As described above, according to the cultivation light source of the present invention, the light of the optical semiconductor element substantially parallel to the surface of the panel can be reduced by the reflection member provided with the reflection surface having a specific opening angle. Therefore, almost all light of the optical semiconductor element can be irradiated on the culture medium side, and the irradiation efficiency on the culture medium can be further improved. In addition, since the light emitting element is configured by directly mounting the optical semiconductor element on the printed circuit board, and the structure in which the reflecting member is arranged along the edge of the light emitting element, it can be manufactured by a simple process, and the manufacturing cost is reduced. Can be further reduced.

[Brief description of the drawings]

FIG. 1 is a partially broken perspective view showing the entire structure of a cultivation light source according to the present invention.

FIG. 2 is a plan view of a plate-shaped light emitting body arranged on a panel.

FIG. 3 is a longitudinal sectional view showing a mounting state of each optical semiconductor element in a light emitting body.

FIG. 4 is a perspective view showing the outer shape of a reflection member.

[Explanation of symbols]

 1: Panel 2: Light emitting body 21: Printed circuit board 24: Optical semiconductor element 26: Moisture proof material 3: Reflective member 31: Reflective surface 5: Protective plate 8: Cooling space θ: Opening angle

──────────────────────────────────────────────────続 き Continued on the front page (51) Int.Cl. ⁷ Identification symbol FI Theme court ゛ (Reference) H01S 5/02 H01S 5/02 (72) Inventor Hiroyuki Watanabe 1000 Kamoshita-cho, Aoba-ku, Yokohama-shi, Kanagawa Mitsubishi Chemical Inside Yokohama Research Institute, Inc. (72) Inventor Fumihiro Tanaka 1000 Kamoshita-cho, Aoba-ku, Yokohama-shi, Kanagawa Prefecture Mitsubishi Chemical Corporation Yokohama Research Institute F-term (reference) 2B022 AA03 DA01 DA05 DA17 5F041 AA42 CA36 CA37 CA53 CA57 DA07 DA13 DA20 DA44 DA45 DA55 DB08 DC26 EE23 FF16 5F073 AB25 BA09 CA05 EA06 FA15 FA24 FA29

Claims (4)

[Claims] 1. A light source used for plant cultivation, comprising: a panel (1) installed substantially opposite to a culture medium; and a plurality of plate-like light emitters (2) arranged on the surface of the panel (1). )
And a reflecting member (3) arranged along the edge of the luminous body (2).

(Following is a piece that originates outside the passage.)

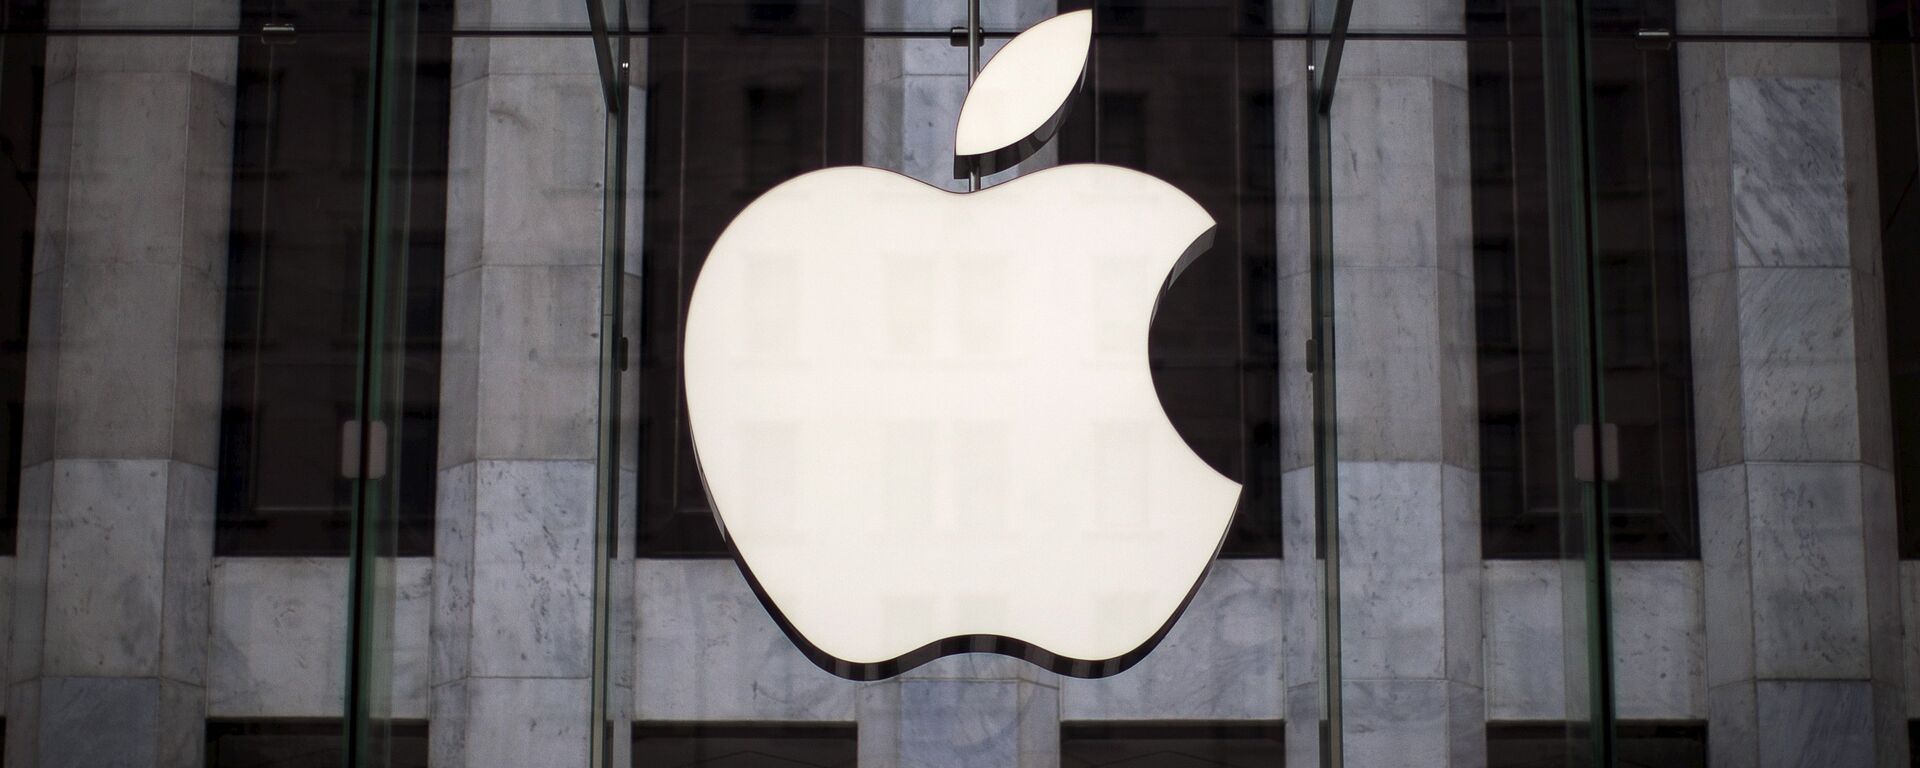 Логотип компании Apple над входом в магазинн 5-й Авеню в Нью-Йорке - Sputnik Узбекистан, 1920, 04.01.2021
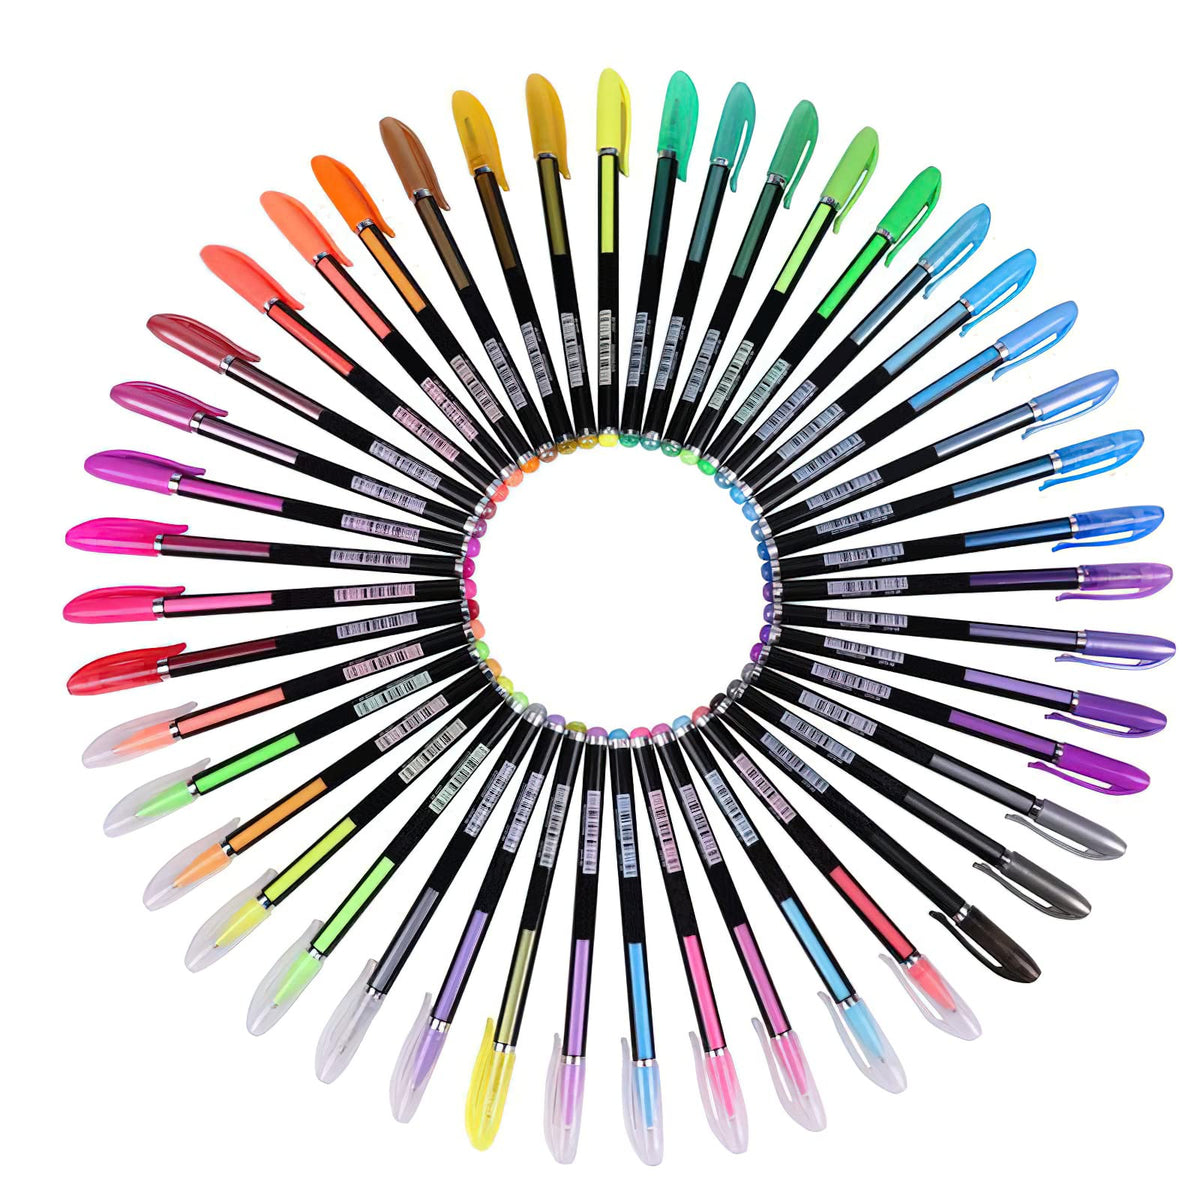 Glitter Gel Pens for Adult Coloring Books, 120 Pack-60 Glitter

Each luminous body (2) has a large number of optical semiconductor elements (24) on a printed circuit board (21). These optical semiconductor elements are directly attached and a transparent moisture-proof material (2
6), and the reflection member (3) has an opening angle (θ) of 110 to 15 with respect to the surface of the adjacent luminous body (2).
A light source for cultivation, comprising a reflecting surface (31) set at 0 degrees. 2. The reflection member (3) has two side surfaces on the reflection surface (3).
The cultivation light source according to claim 1, comprising a substantially triangular prism-shaped outer shape formed as 1), wherein the height direction is arranged along an edge of the luminous body (2). 3. The cultivation light source according to claim 1, wherein the front side of the panel is airtightly covered with a transparent protective plate. 4. The cultivation light source according to claim 1, wherein a cooling space (8) capable of supplying a cooling medium is provided on a back surface of the panel (1).